No doubt you are building your startup for a certain type of person.
Whether it’s a software company or an e-commerce business, there are specific and general attributes that the average person who uses your product will possess.
You should write those attributes down and create a persona document. A persona is a character that you create that embodies your average/ideal customer.
Writing down the basics about his or her life will help guide not only your product features but every aspect of your marketing.
Developing a persona allows you to answer the following questions:
- What problems does my average customer face
- Which features does my average customer absolutely NEED
- Which features are not necessary but would be loved by my average customer
- When will my average customer use my product
- How will my average customer use my product
- What does my average customer like to do
- Which websites does my average customer like to visit
- What hobbies or interests does my average customer have
- What age is my average customer
- How much money does my average customer make
- Where does my average customer work (enterprise company, small business, startup, etc.
- What kind of budget does my average customer have
Crafting a persona ensures that you’re thinking about:
- The daily life of your customer
- Where your product fits in
- How your product makes your customer’s life better
- Where you should market to your customer
- How you should market to your customer
- How you should price your product
- What the typical sales cycle might be like and what challenges you’ll face
When I was interning for Citrix, an enterprise level B2B company, we crafted really detailed personas for each product line. At a startup I don’t think persons need to be heavily detailed as your entire business model needs to be fluid. Within a startup we don’t know yet what will work best and for whom. Many companies pivot and end up selling a modified product to a different audience after they find out their initial offering isn’t working.
That’s mostly why I don’t think startups need to spend a lot of time on persona development.
Rather, I think you (and your team) should take maybe an hour or two and talk through some basic thoughts about your ideal customer.
When I was creating the persona for my candle startup I put together bulleted lists for the following:
- Characteristics of my ideal customer (age, hobbies, income, career, salary, home type, etc.)
- Relationship of customer to the product (why she buys my product or competitor products)
- Other brands my ideal customer likes (this is helpful for creating marketing material)

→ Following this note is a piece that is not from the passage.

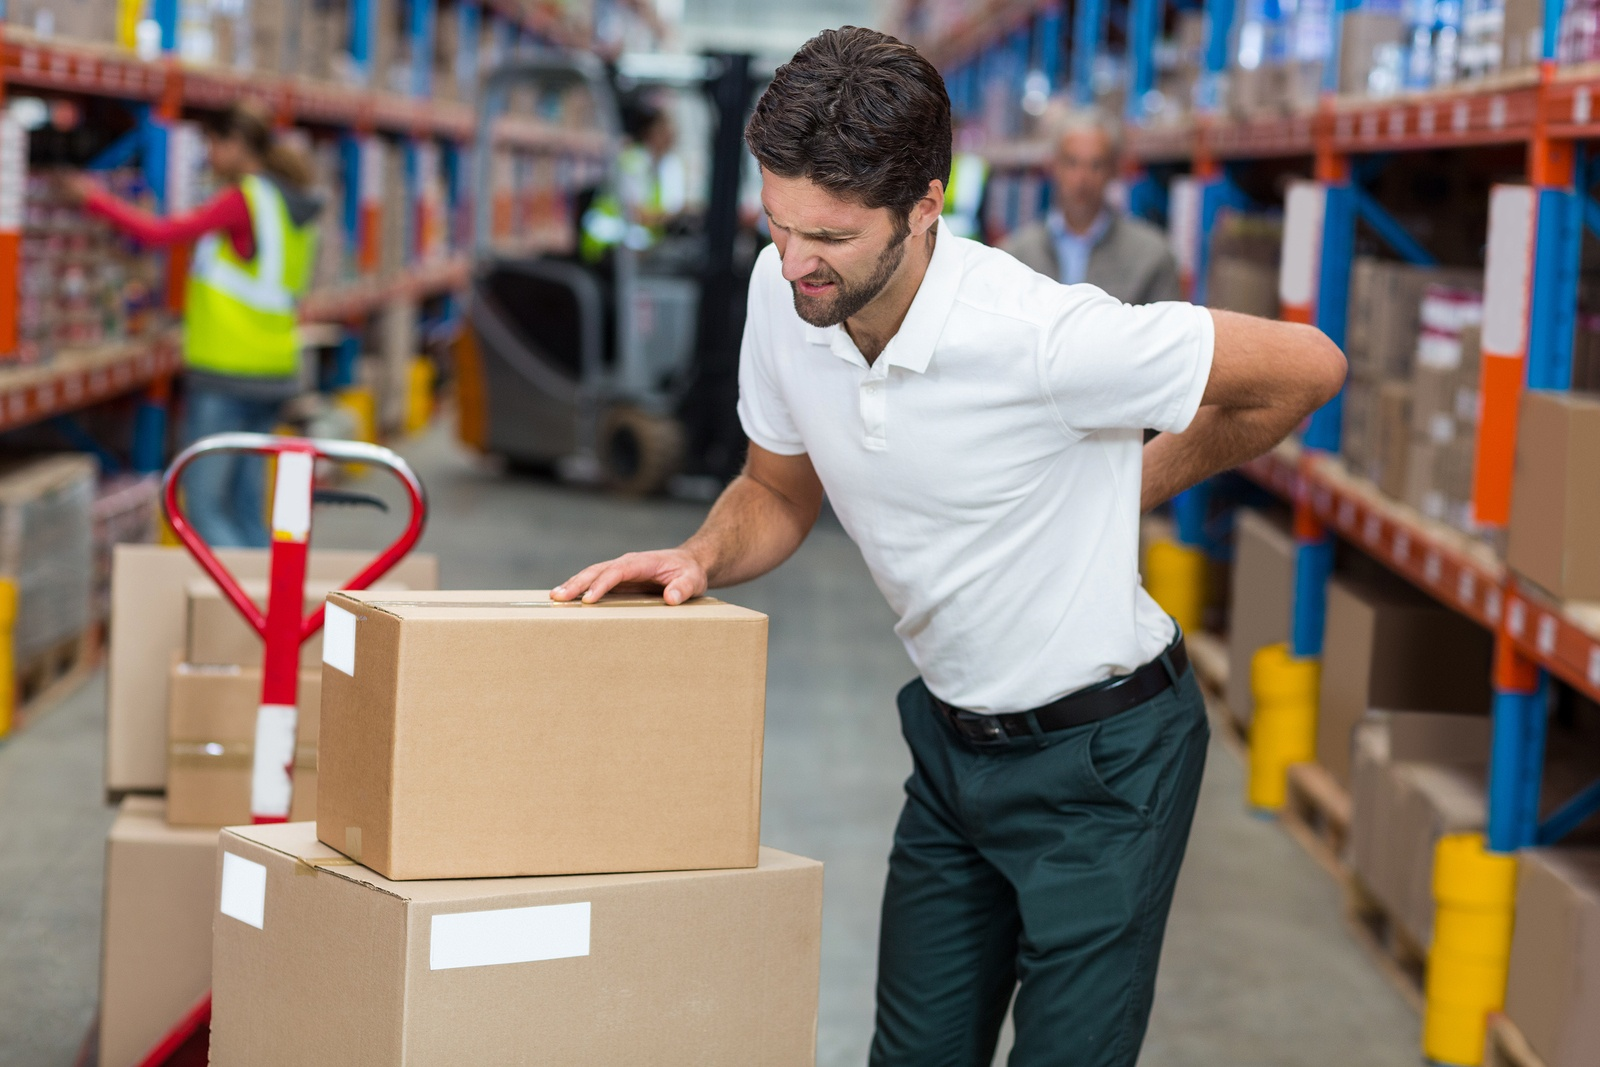 bigstock-Focus-of-worker-having-a-backa-139454861

Since I am relying heavily on social media and content marketing for my business I also put together a bulleted list for Blog Categories and Pinterest Topic Boards based on the persona I crafted.
You can and should also use your persona to feed your marketing strategy.
Having a persona document can save you a lot of time in the long run. When you’re planning a media buy, deciding on which channels to use in your marketing plan, figuring out your pricing strategy and developing your sales collateral you can refer back to your persona for some helpful information.
Have you created a persona for your business yet? What do you think the pros/cons to personas are?